Los agentes de El Ejido estaban ya trabajando con los investigadores de la Unidad de Delincuencia Especializada y Violenta (UDEV) de la Comisaría de Fuengirola (Málaga), que rápidamente obtuvieron informaciones que apuntaban a que la víctima podía estar retenida en el citado complejo residencial. Esta “presión policial” empujó a los presuntos captores a liberar al secuestrado “a las 16:30 del mismo día de su detención ilegal”, aunque antes le dieron una serie de instrucciones para intentar eludir los calabozos.

Un relato rocambolesco

El chico se presentó —con evidentes lesiones en distintas partes de su cuerpo— en las dependencias policiales fuengiroleñas, donde desde un principio repitió como un papagayo el guion que supuestamente le habían escrito. Ante la incredulidad de los responsables del caso, contó que se había ido por voluntad propia para correrse una juerga con sus ‘amigos’, pero que no quería que su novia se enterara para que no le echara la bronca. Insistió en esta versión. Una y otra vez. Pero finalmente los agentes lograron que relatase las 14 horas de calvario que había vivido y confirmó el relato de su pareja y testigos presenciales.

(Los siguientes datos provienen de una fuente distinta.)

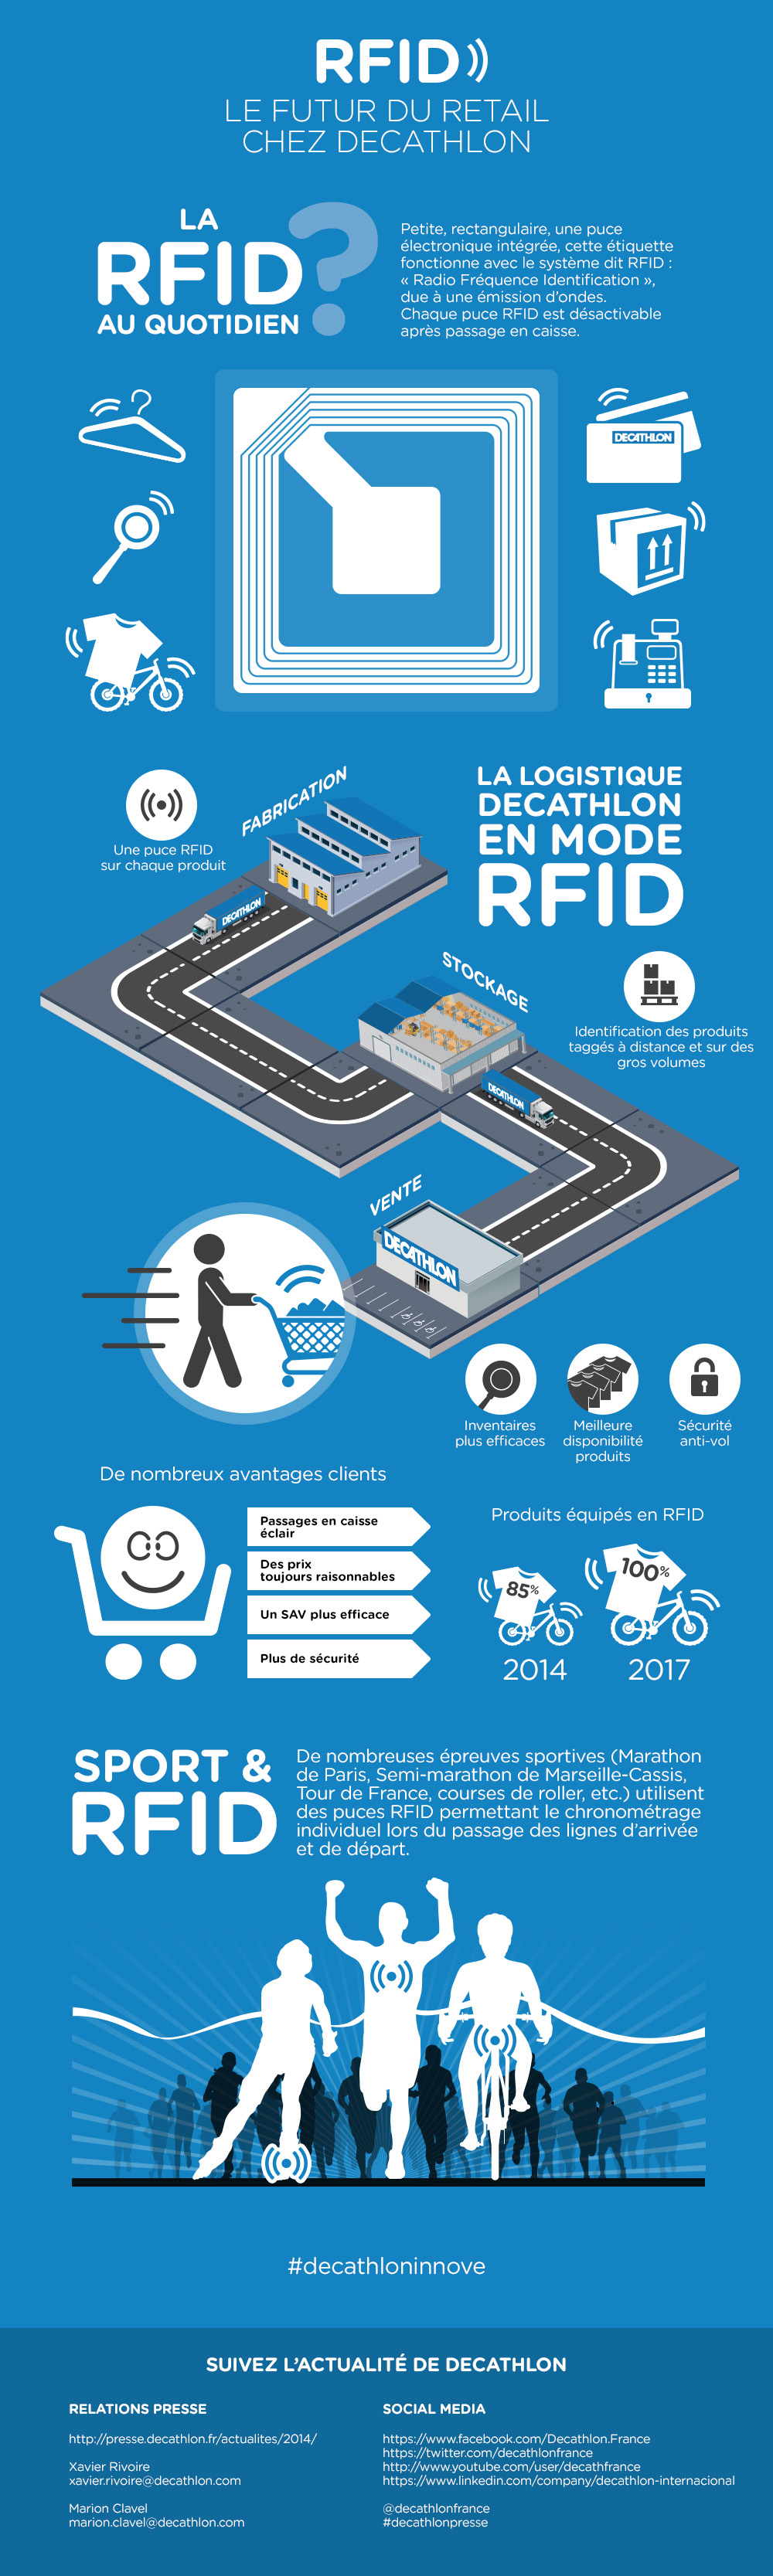 Infographie Decathlon RFID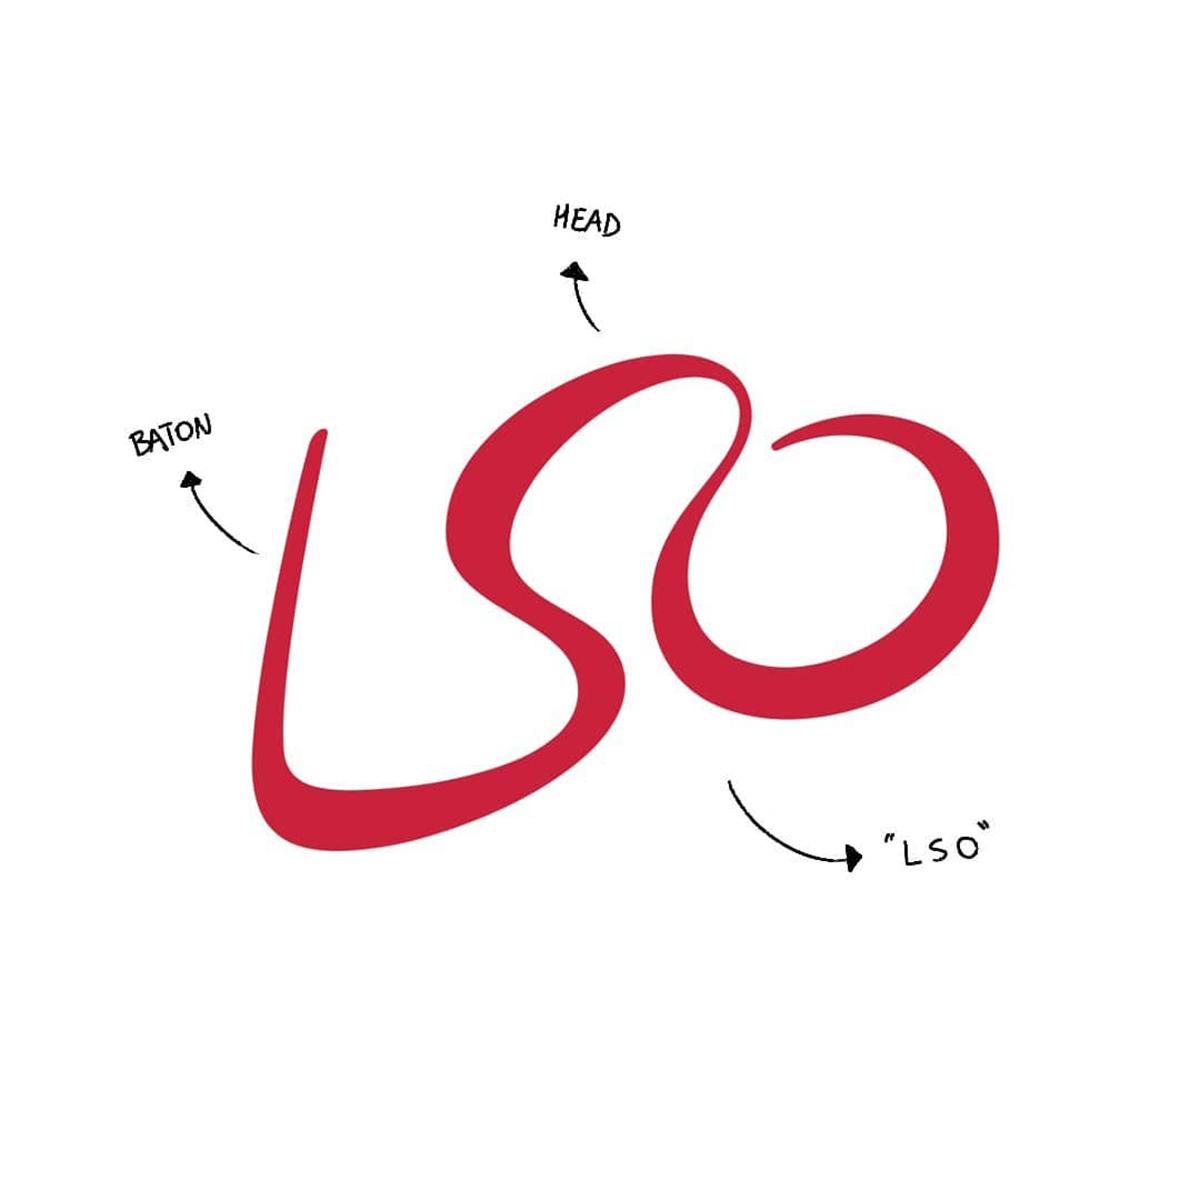 Blogduwebdesign inpiration graphisme decrypte logo lso

Foto: Imagen del hachís incautado en Madrid por la Guardia Civil. (EFE)

Los policías trazaron todo el operativo y al día siguiente detenían a los presuntos implicados en los dos raptos. El padre y el hijo fueron atrapados en la vivienda de la urbanización Calypso, donde también se encontraba la esposa y madre de ambos, que fue imputada.

Durante los registros realizados se hallaron varias pastillas de hachís, dinero y una prueba básica: el teléfono móvil de la víctima principal. Los agentes también recuperaron el 4x4 en el que supuestamente se trasladó al joven y comprobaron que había sido ‘caleteado’ para transportar droga en compartimentos ocultos.

Los cuatro detenidos, con edades comprendidas entre los 20 y los 42 años, pasaron el miércoles 26 de mayo a disposición del Juzgado de Instrucción número 1 de Fuengirola, acusados de un delito de detención ilegal. La autoridad judicial ordenó el ingreso en prisión del principal implicado en un caso que los investigadores consideran que tuvo “una motivación meramente económica”, señaló el comunicado policial.